Does dyslexia even exist?

11 minute read

The experts can't agree on a definition for dyslexia, leaving the door open for some to question its existence

People who have been told they have dyslexia often describe letters “swimming” before their eyes when they read, or lines of text mischievously switching places.

In the broader community, there exists a fuzzy impression of what the term may mean, but it’s often perceived as a lifelong reading problem that can affect even the best and brightest among us.

This popular myth has woven dyslexia into tales of fame and wealth, including the likes of scientist Albert Einstein, celebrity chef Jamie Oliver, businessmen Richard Branson and Kerry Packer, and popular crime novelist Agatha Christie.

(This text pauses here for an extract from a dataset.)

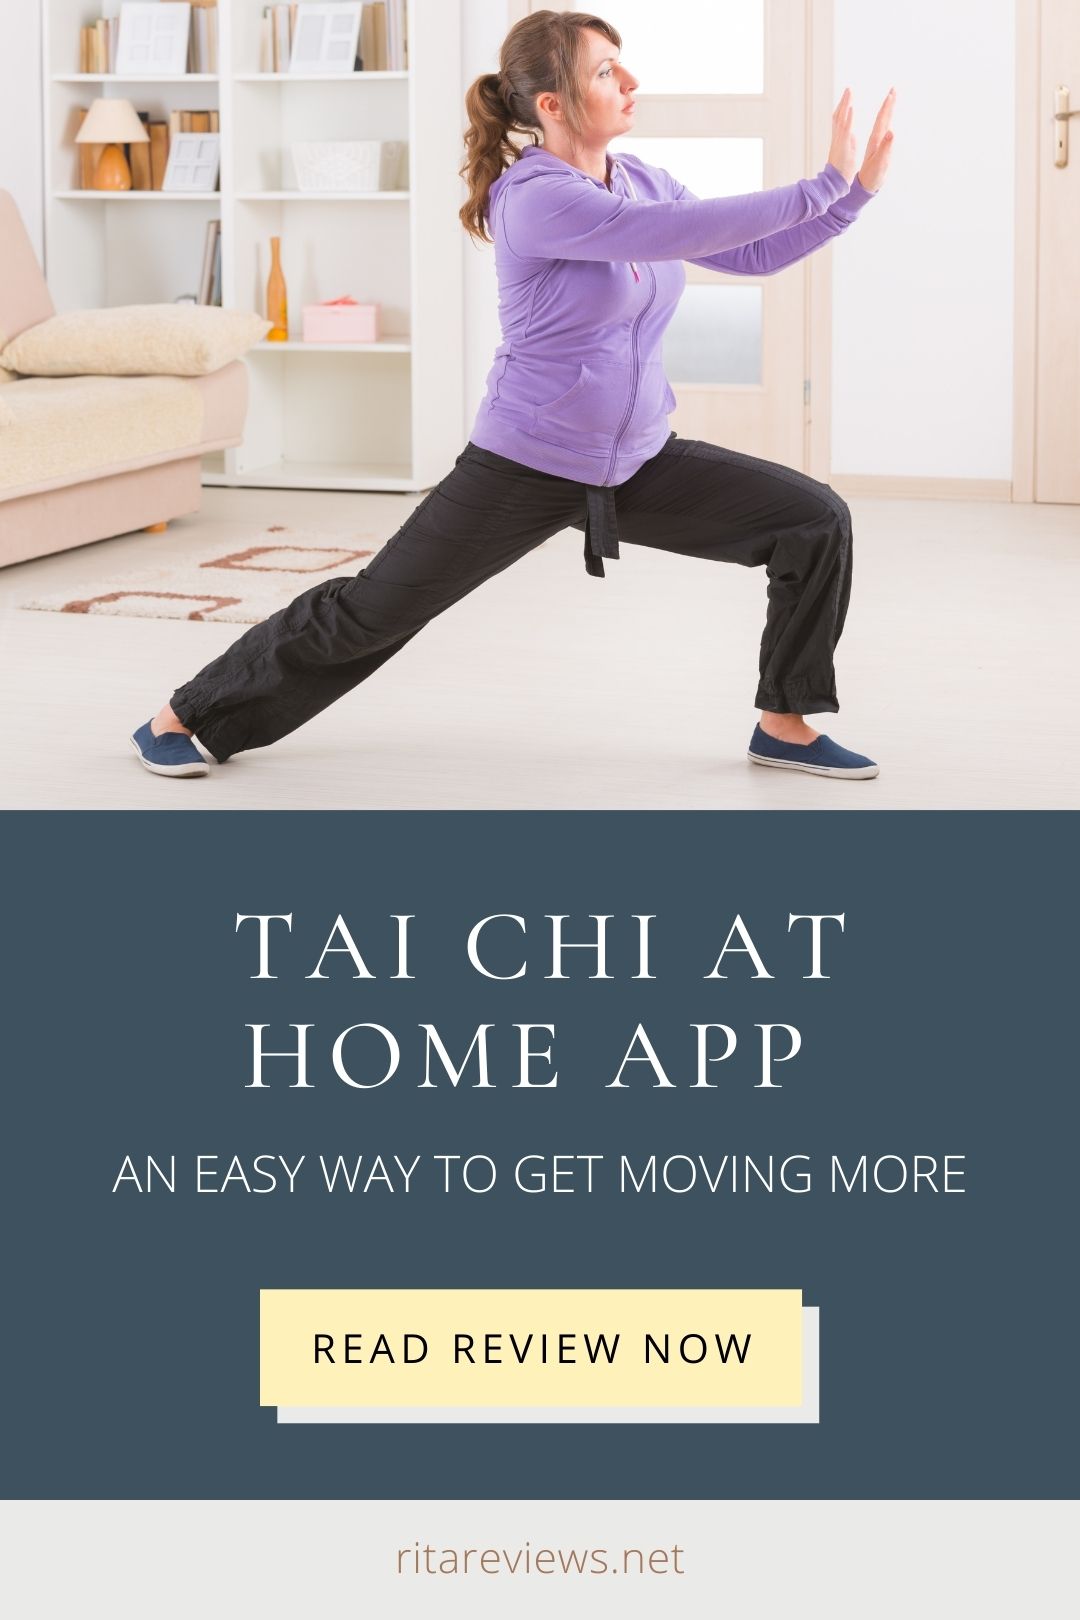 Tai Chi at Home App helps you get moving and adds flexibility all from the comfort of your own home. 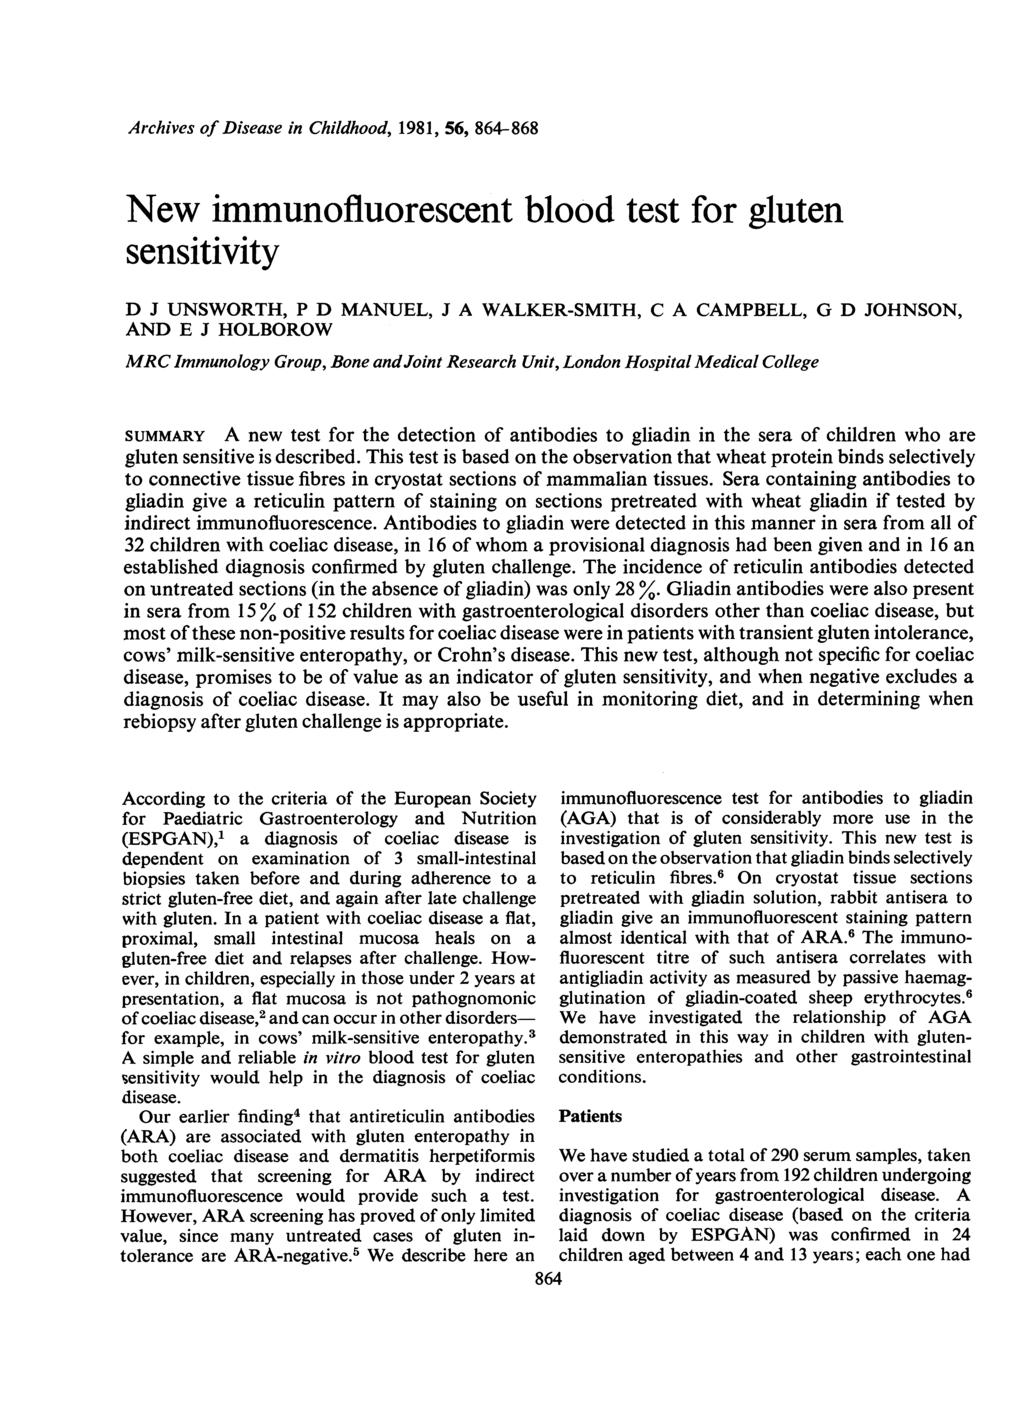 Archives of Disease in Childhood, 1981, 56, 864868 New immunofluorescent blood test for gluten sensitivity D J UNSWORTH, P D MANUEL, J A WALKERSMITH, C A CAMPBELL, G D JOHNSON, AND E J HOLBOROW MRC

But despite the perception, there is no agreement among experts as to what dyslexia even is, nor is there a universal definition of dyslexia.

Some experts use the word specifically to refer to around 1% to 3% of the population who experience reading difficulties throughout their lifetime, despite having normal cognitive abilities and access to high quality, evidence-based interventions.

Other experts use dyslexia as a synonym for “poor reading”. People with dyslexia, according to this group, have reading abilities in the bottom 5% to 10% of the population.  And for most people diagnosed with dyslexia, reading difficulties can cast a long shadow in their lives.

“There’s nothing trivial about having reading problems across your lifespan,” says Professor Pamela Snow, a psychologist and the head of the Rural Health School at La Trobe University.

Yet another camp of experts has stopped using the word dyslexia because they say it is too muddy a term to be clinically useful.

And then there’s the Australian Dyslexia Association, which defines dyslexia as a “learning difference” that is characterised by difficulties with word recognition and “often unexpected in relation to other cognitive abilities”. This definition appeared in the 2010 Australian Dyslexia Working Party report to the federal government.

It seems that anything goes when it comes to describing dyslexia.

“It creates a fair bit of confusion,” Professor Genevieve McArthur, the head of the Department of Cognitive Science at Macquarie University, says. “People use [the word] to refer to quite different things. And there is really no right and wrong really.”

The dyslexia debate

With experts and dyslexia advocates unable to pin down a definition, it was unsurprising that researchers decided to stir the pot. In a provocative book called The Dyslexia Debate, Professor Julian Elliot of Durham University in the UK and Elena Grigorenko argued that dyslexia was a meaningless term with a limited scientific basis.

The book, published in 2014, claimed that efforts to diagnose a small group of children with dyslexia diverted vital resources away from early intervention for all children with reading problems.

Their views elicited much hate mail from parents of children who had been diagnosed with dyslexia. It also provoked a curt response from the International Dyslexia Association. “Those who tamper with commonly understood language do so at their peril,” Hal Malchow, the then president-elect, warned.

Psychologists and researchers are the first to admit the term dyslexia is imprecise. In an article published in The Conversation, Australian experts, including Professor Anne Castles and educational psychologist Mandy Nayton, said many of the claims made in The Dyslexia Debate were correct. But they argued against abandoning the term dyslexia.

Professor Castles, the deputy director and reading program leader for the ARC Centre of Excellence in Cognition and its Disorders, said there were pros and cons to using the term, but that on balance, it remained useful.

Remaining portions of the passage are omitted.